Я гнала горькие мысли много дней, но теперь они подкатили к горлу, вцепились в него холодными пальцами, и от этого в носу застрял воздух, а глаза прикрыло пеленой. Задрожали губы; пальцы стиснули пуговки на рукавах платья. Я прислонилась лбом к стеклу, а оно холодное-холодное, и от этого вдруг спокойнее.
Я не хотела жаловаться. И вспоминать её вот так, между делом, в дурной, по правде, компании бывшего друга — тоже. Но всё равно я облизнула губы и спросила хрипло:
— Почему… всё вот так? Зачем? Она ничего плохого не сделала. Неудачно упала с лестницы, когда… что-то там с бедром, я не знаю точно. Работала столько лет, бегала, если не знать — и не скажешь, что хромая. И потом… вот так. За что?
— Мне… очень жаль. Если бы я мог что-то…
— Никто ничего не мог! Никто никогда ничего не может! Она слегла совсем и лежала три года. Фельдшер сказал знаешь как? «Отмучилась». Но она не… она не должна была мучиться. Всё это так быть… не должно.

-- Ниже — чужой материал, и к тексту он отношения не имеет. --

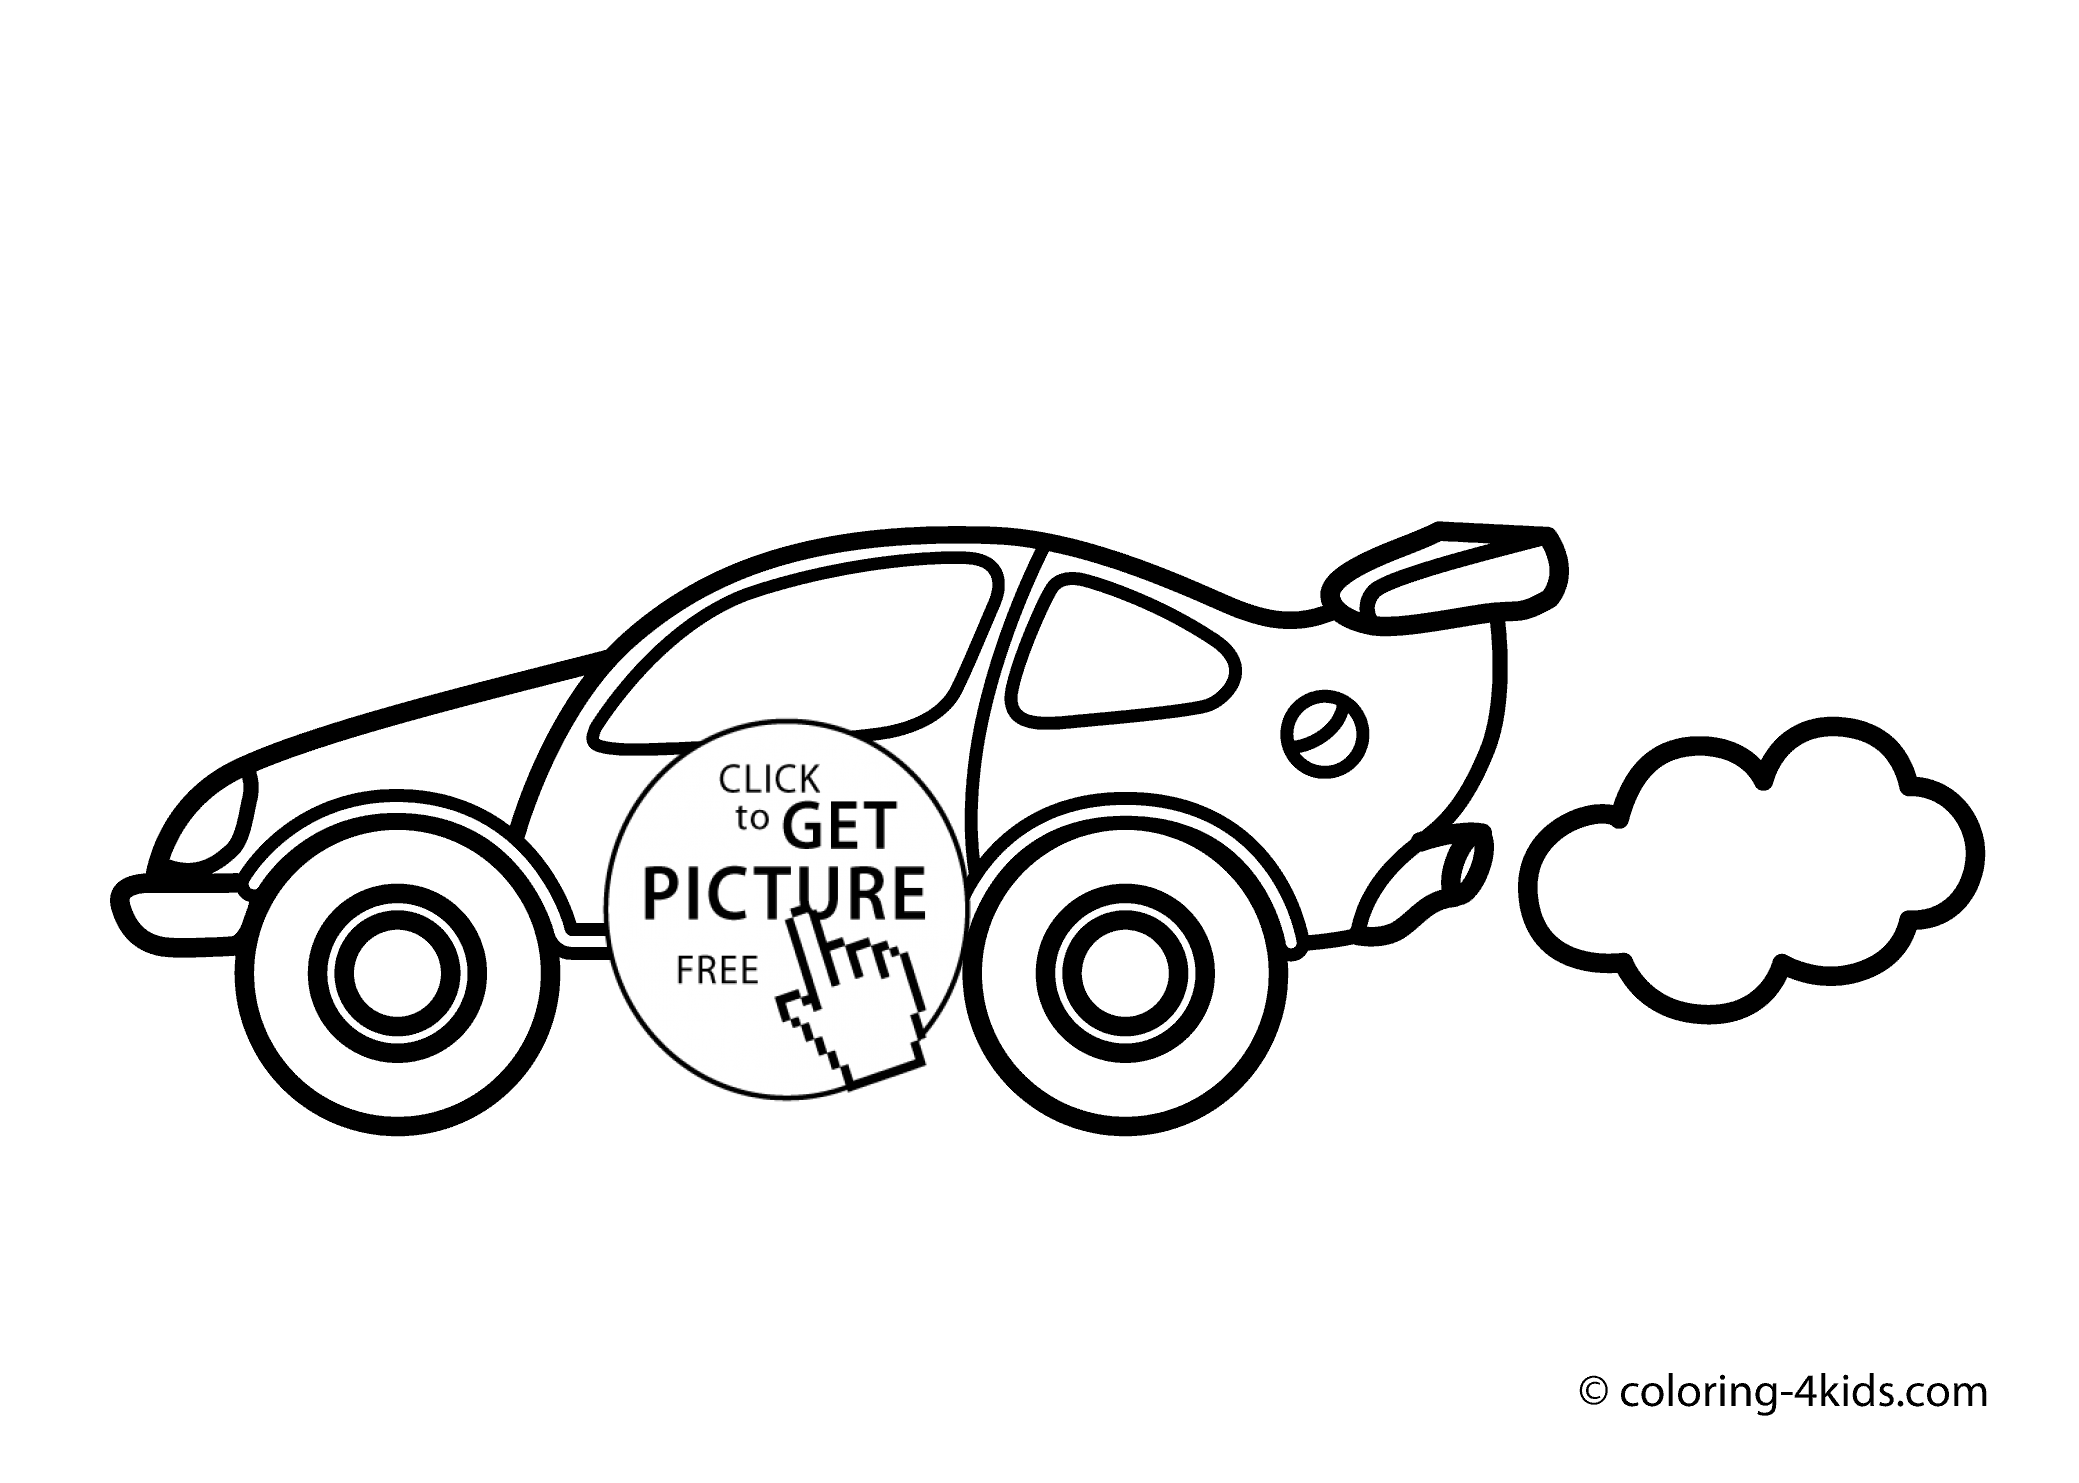 Cool Car coloring pages for kids, printable speed car | coloing ...
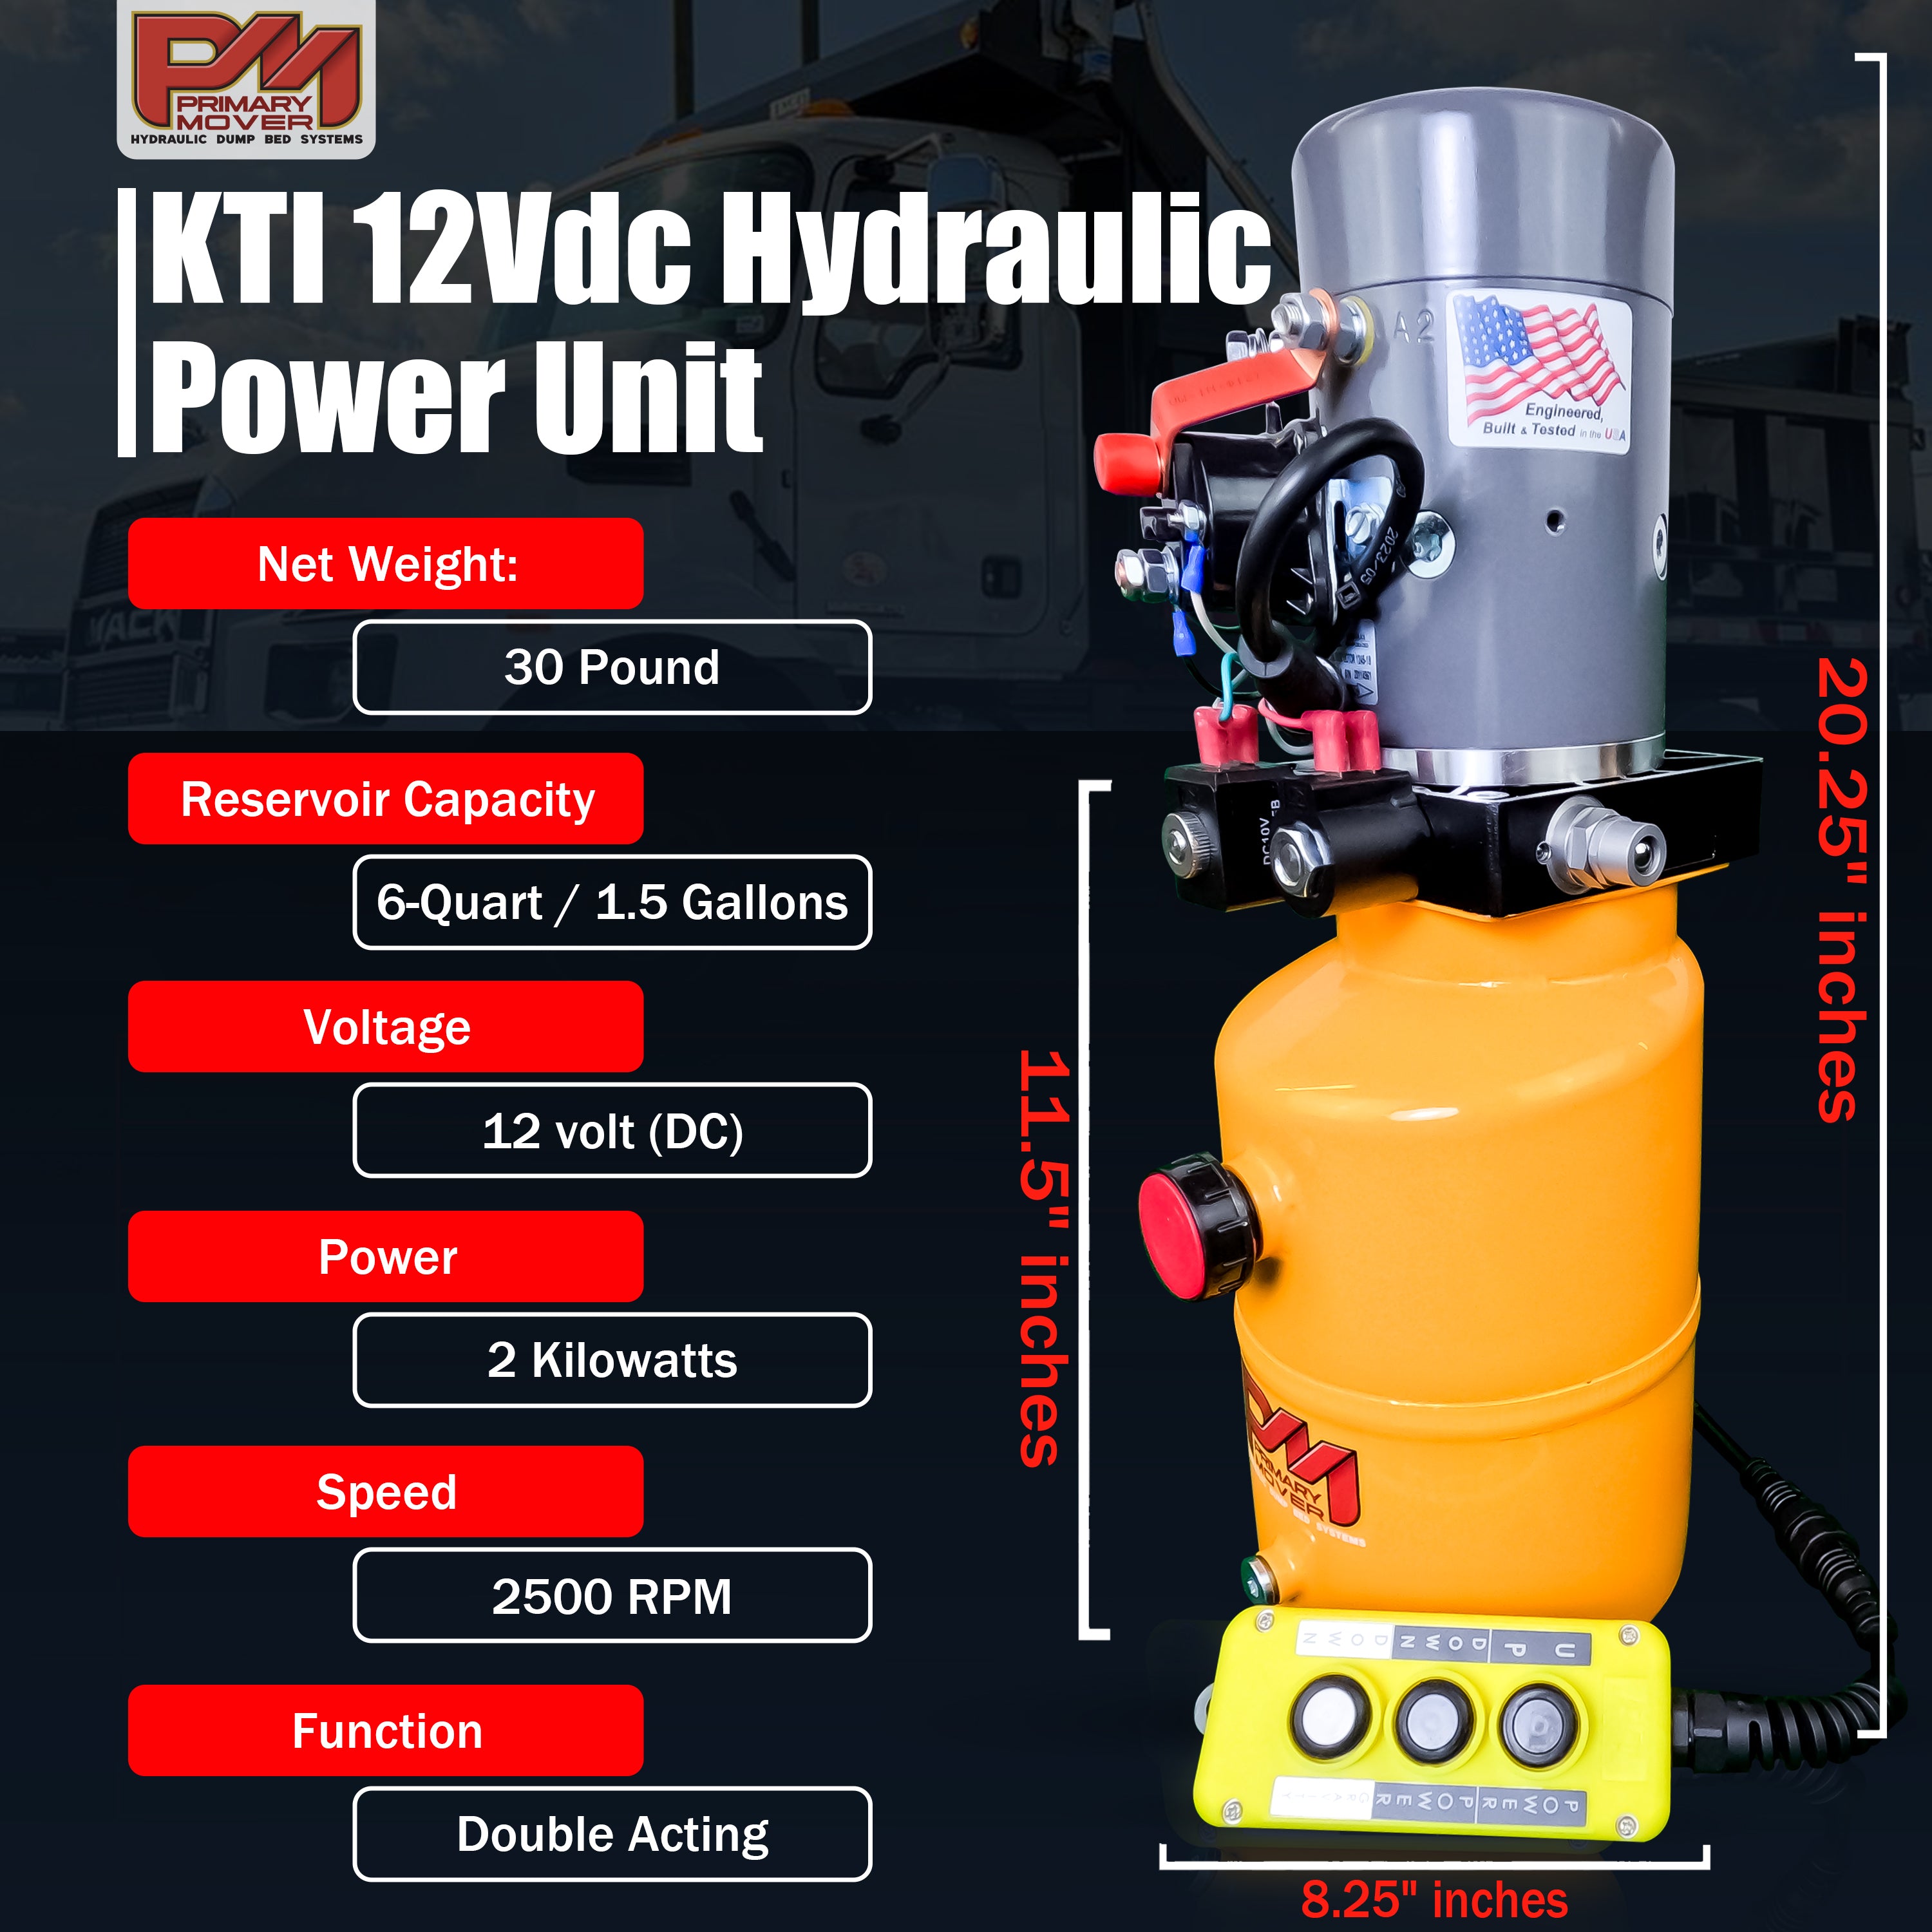 KTI 12V Double-Acting Hydraulic Pump - Steel Reservoir with red and black buttons and a rugged, compact design for heavy-duty hydraulic dump bed systems.

Она была молодец, моя тётка Сати. Она как-то очень рано смирилась с этим дурацким «проклятием» и ни разу даже не съездила на танцы в Биц; вместо этого она дружила с половиной города, служила телефонисткой, а до аварии даже вела субботний эфир на местном радио. Из больницы она вышла спустя почти четыре месяца, похудевшая до безобразия и всё такая же жизнерадостная, как и раньше; забрала нас с Гаем от соседей, нашла кого-то залатать крышу, и потом…
Я сама не заметила, когда начала рассказывать, и когда плакать — тоже. Я сидела на корточках у окна, уперевшись подбородком в подоконник, а за окном косыми серыми росчерками падал снег, мелкий и плотный, и через сплошную муть полз, гудя проводами, упрямый троллейбус.
Мраморная голова рядом со мной не была… предметом, каким стало мёртвое тело тёти Сати.
— Я думаю, она в лучшем месте, — серьёзно сказал Дезире.
Я засмеялась.
— Где это? В земле?
— Она вернулась в свет, — рассеянно сказал лунный. Он смотрел мимо меня, и синие глаза отражались в стекле двумя парами странных пятен. — Мы все возвращаемся.
— Она двоедушница.
— Ну и что? В самом истоке мы все одинаковые… её зверь ушёл в призрачный мир, а она сама вернулась в свет. Слилась с потоком беспредельного сияния. И вечностью.
— Так только у лунных, — я упрямо тряхнула головой. — А мы просто умираем, да и всё. Дорога заканчивается.
— Где заканчиваются дороги, остаётся свет.
Мне не хотелось с ним спорить. Колдунам и лунным их вера обещает второй шанс: слиться со потоком или продолжаться в потомках, звучать в крови или быть частицей солнечного луча. Пусть это не жизнь, но это какое-то… что-то. Странное другое будущее, которого не бывает у двоедушников.
Мы отдаём половину себя, чтобы бежать среди зверей и обрести судьбу. А потом, умирая, мы просто заканчиваемся. И гниём в земле, пока не смешиваемся с ней окончательно.
— Тебе жаль её?
— Некоторые дороги короче других. Но я… — вместо слов получался сип, — мне очень жалко себя. Как я буду теперь… без неё?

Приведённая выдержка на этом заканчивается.